At this stage I can't help but wonder if Jehovah himself is keeping an eye out for lil' faggot-killer. I mean, I know we live in a connected society and Israel is a first-world country (mostly) and all, but come on, how many people can get away with wandering around in a desert for 8 hours, while high, in a country where they don't speak the language, probably without supplies beyond a baggie of weed, a keffiyeh and a compass? Like, in my life I've done some dumb shit like walk through a foreign city while drunk and blind in one eye (#BritishLAD), but still - how is Eli not fucking dead?
To give you an informative but probably very boring and anticlimactic answer, the actual dangers were pretty much already accounted for by Jace. Jace "ordered" him to bring a compass and leave a trail, so it stands to reason he probably told him to bring sufficient water/food for a few hours too. High as fuck or not, the only way he could actually have died is if he completely disregarded Jace's instructions, or if he did something ridiculously stupid like try to parkour cartwheel down a hill (even then those photos made the terrain look really smooth and flat, no natural hazards really) or if there actually WERE Islamo-snipers hiding in the bushes.

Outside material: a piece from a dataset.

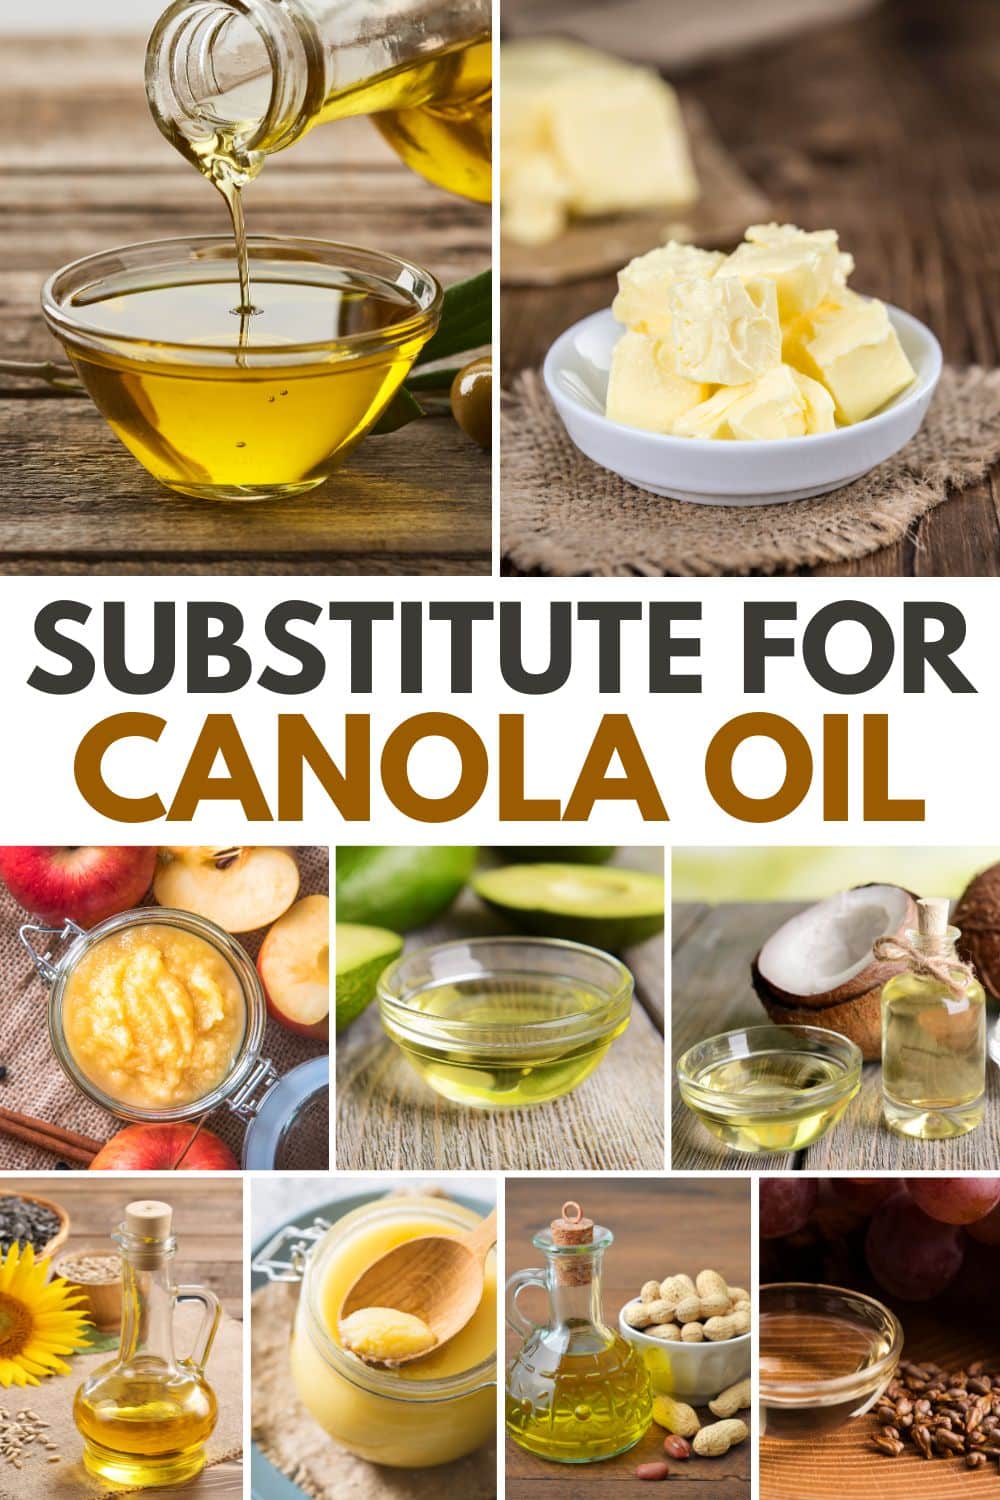 A collage of images showcasing canola oil alternatives.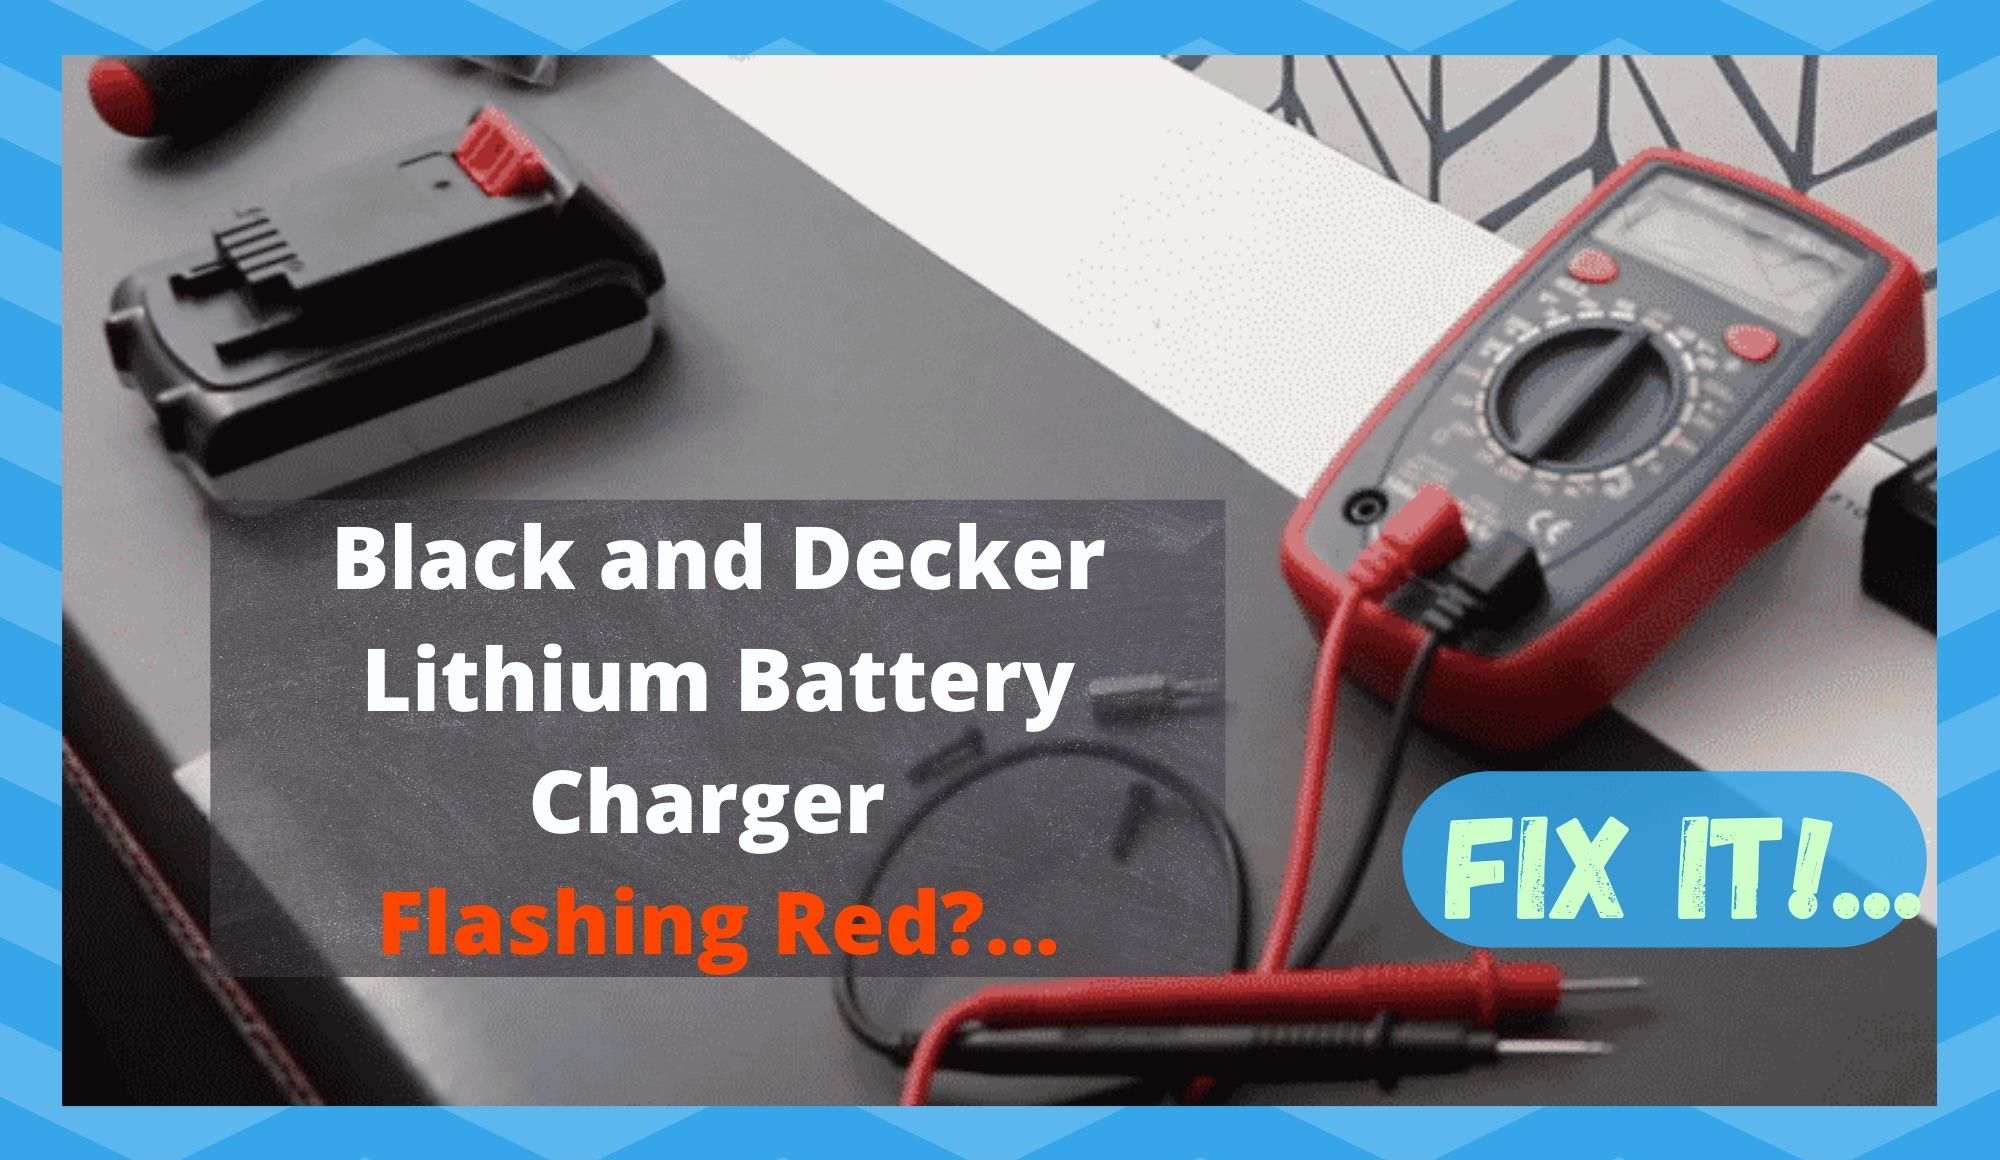 Black and Decker 36V 2.5AH lithium battery isolated on white

Creating a new thread for this due to the overwhelming demand for separating updates into smaller threads as expressed in this thread.

From now on, all Operation Tupacalypse updates should be posted as seperate threads, with this tag.
 
Ostatnio edytowane przez moderatora:
Damn, those are some pretty landscapes. To think that they're in one of the most culturally and religiously significant places in the world. For most people it would a fascinating experience. To think Eli is just putzing around belligerently and disrespecting the locals. What a waste.
 
How in the world has he made it down to Mount Ramon? What was his last known location? He must have taken a bus or something. How did he find/pay for the tourist group?

So so many new questions from this latest update! I wonder if he's actually tying to get to the Pyramids. Can't wait for updates.